• [Exercise prompt]: Transcribe exactly the line with "Платье из капсульной" and each line that follows it in the listing, down to the last, omitting all pictures.

==== Dataset content ====

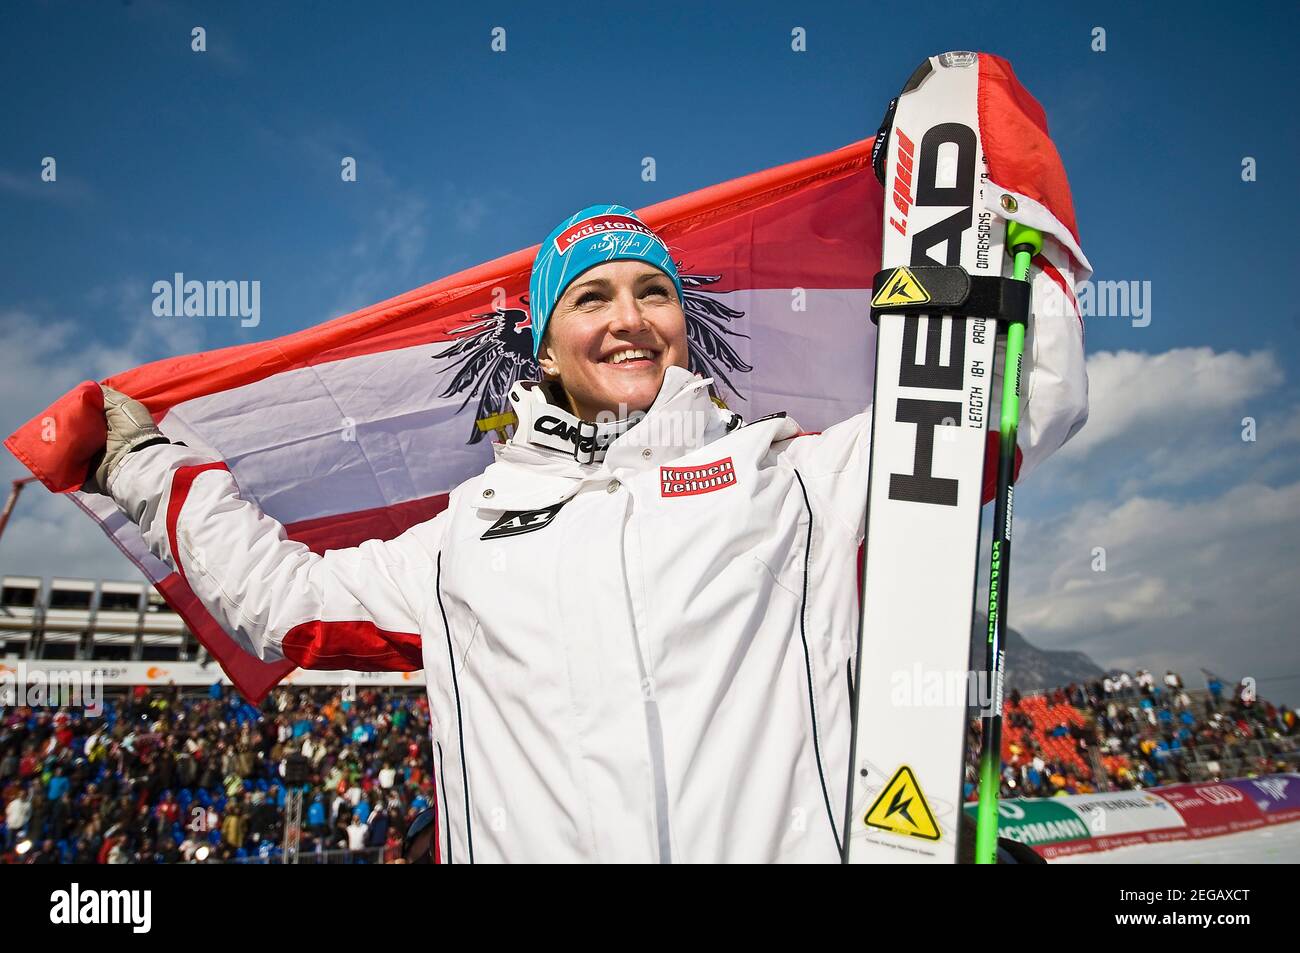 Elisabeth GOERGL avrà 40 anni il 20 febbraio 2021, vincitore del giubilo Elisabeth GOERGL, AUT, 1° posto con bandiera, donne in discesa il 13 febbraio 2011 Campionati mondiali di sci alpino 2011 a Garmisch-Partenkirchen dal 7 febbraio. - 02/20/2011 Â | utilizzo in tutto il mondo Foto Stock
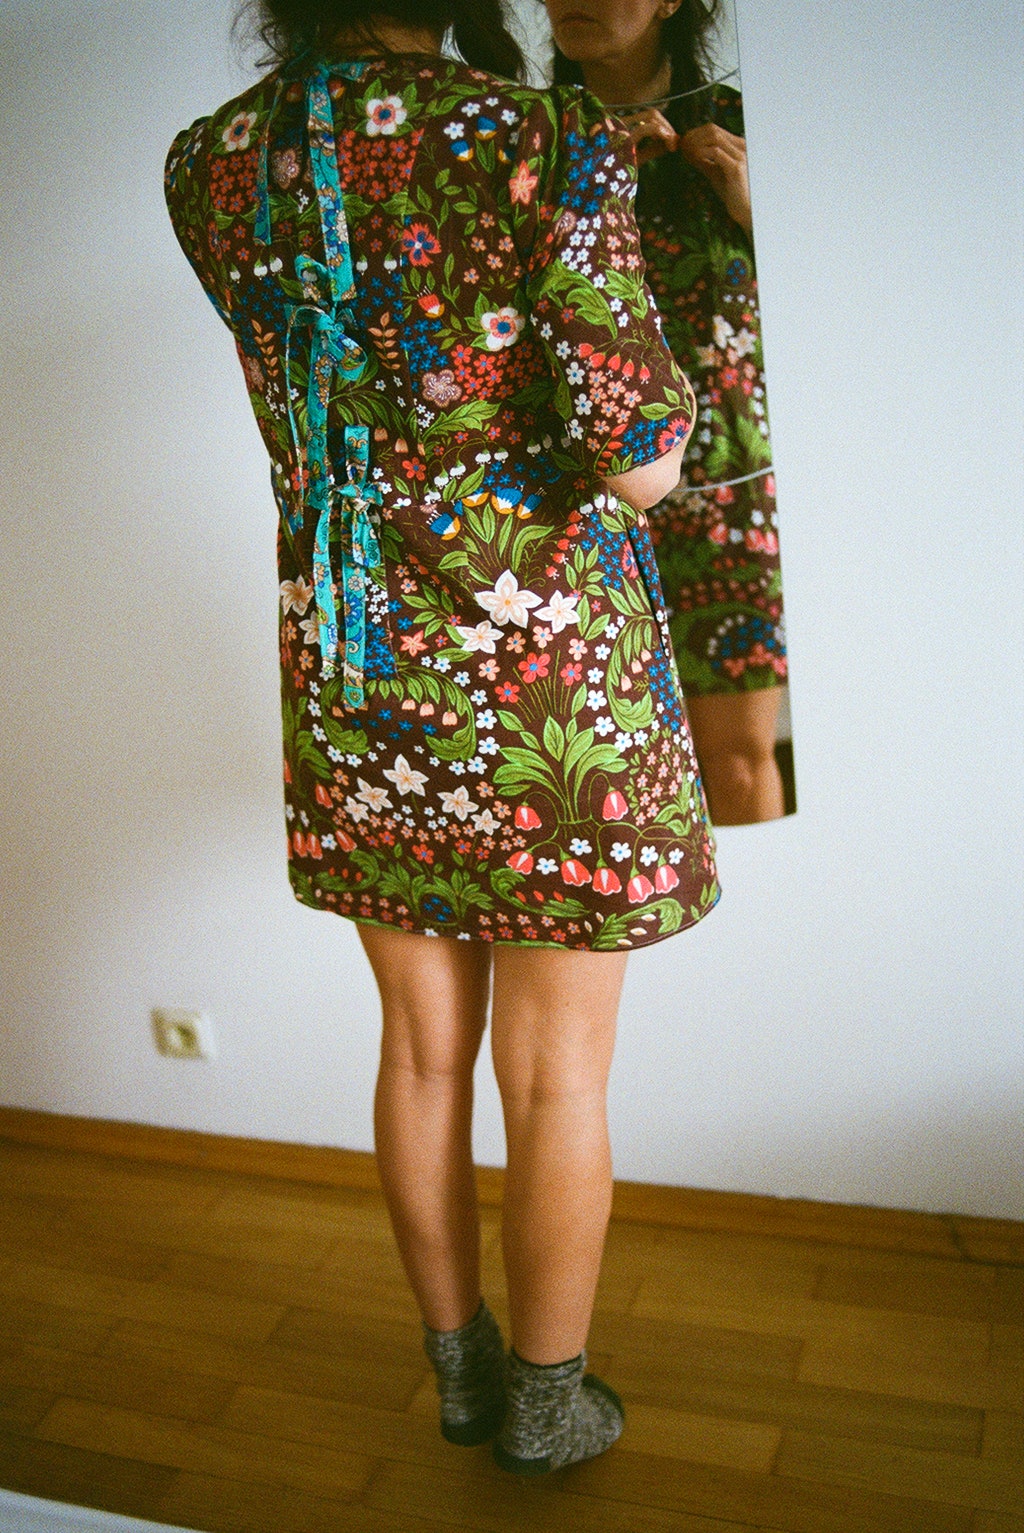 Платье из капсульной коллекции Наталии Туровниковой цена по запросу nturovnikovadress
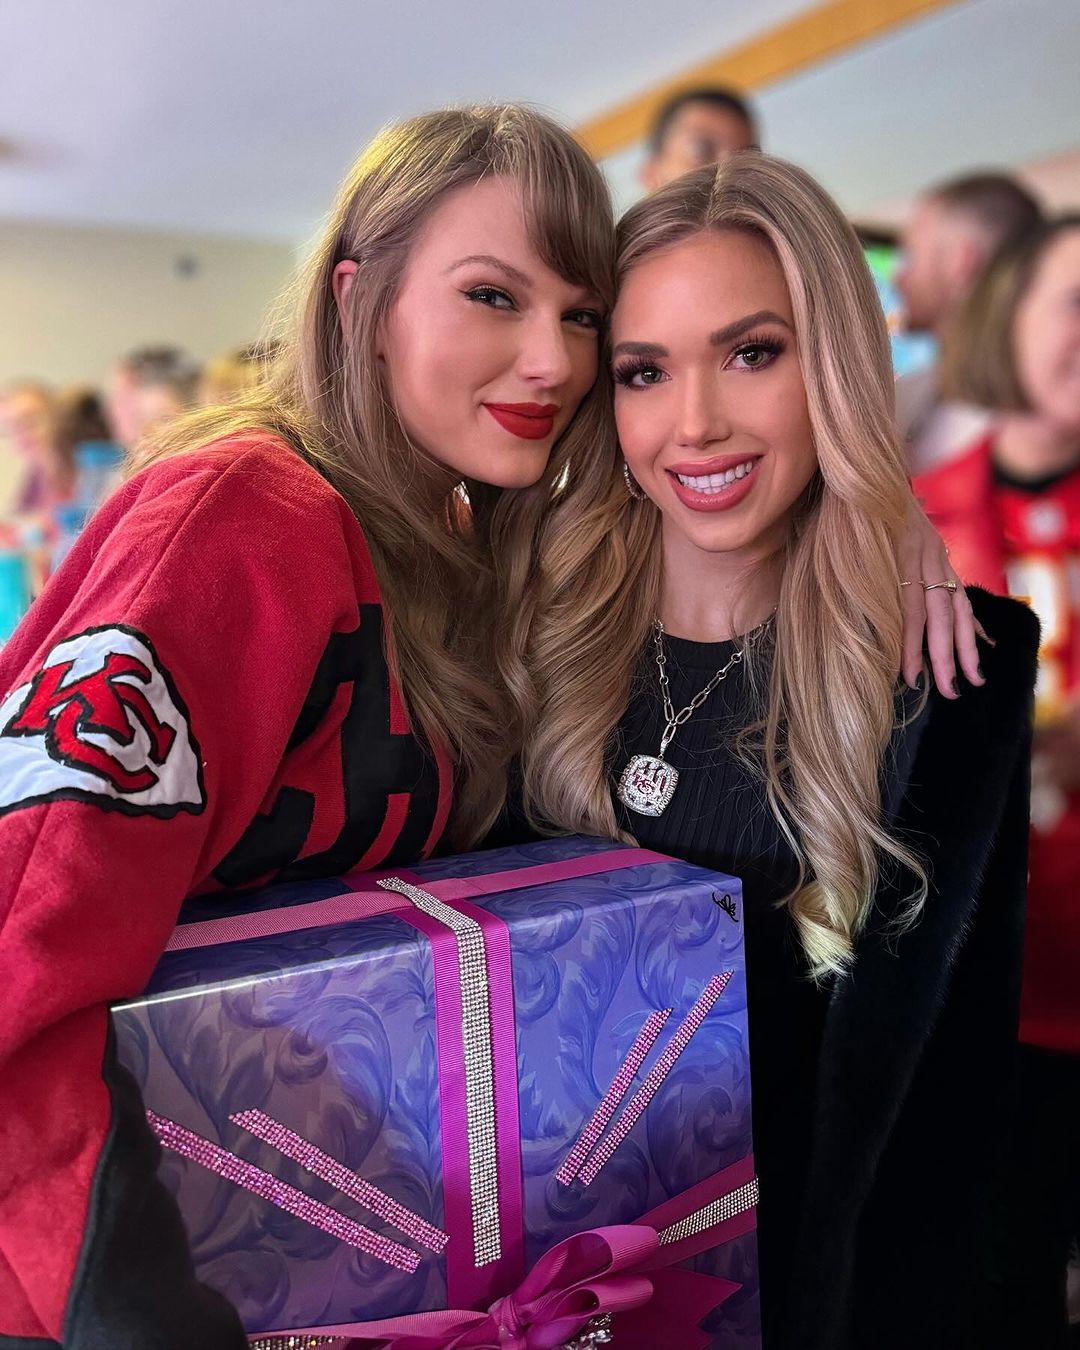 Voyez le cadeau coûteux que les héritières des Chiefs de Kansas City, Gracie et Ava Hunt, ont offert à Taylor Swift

====

• [Solution]:
 Платье из капсульной коллекции Наталии Туровниковой цена по запросу nturovnikovadress
 Voyez le cadeau coûteux que les héritières des Chiefs de Kansas City, Gracie et Ava Hunt, ont offert à Taylor Swift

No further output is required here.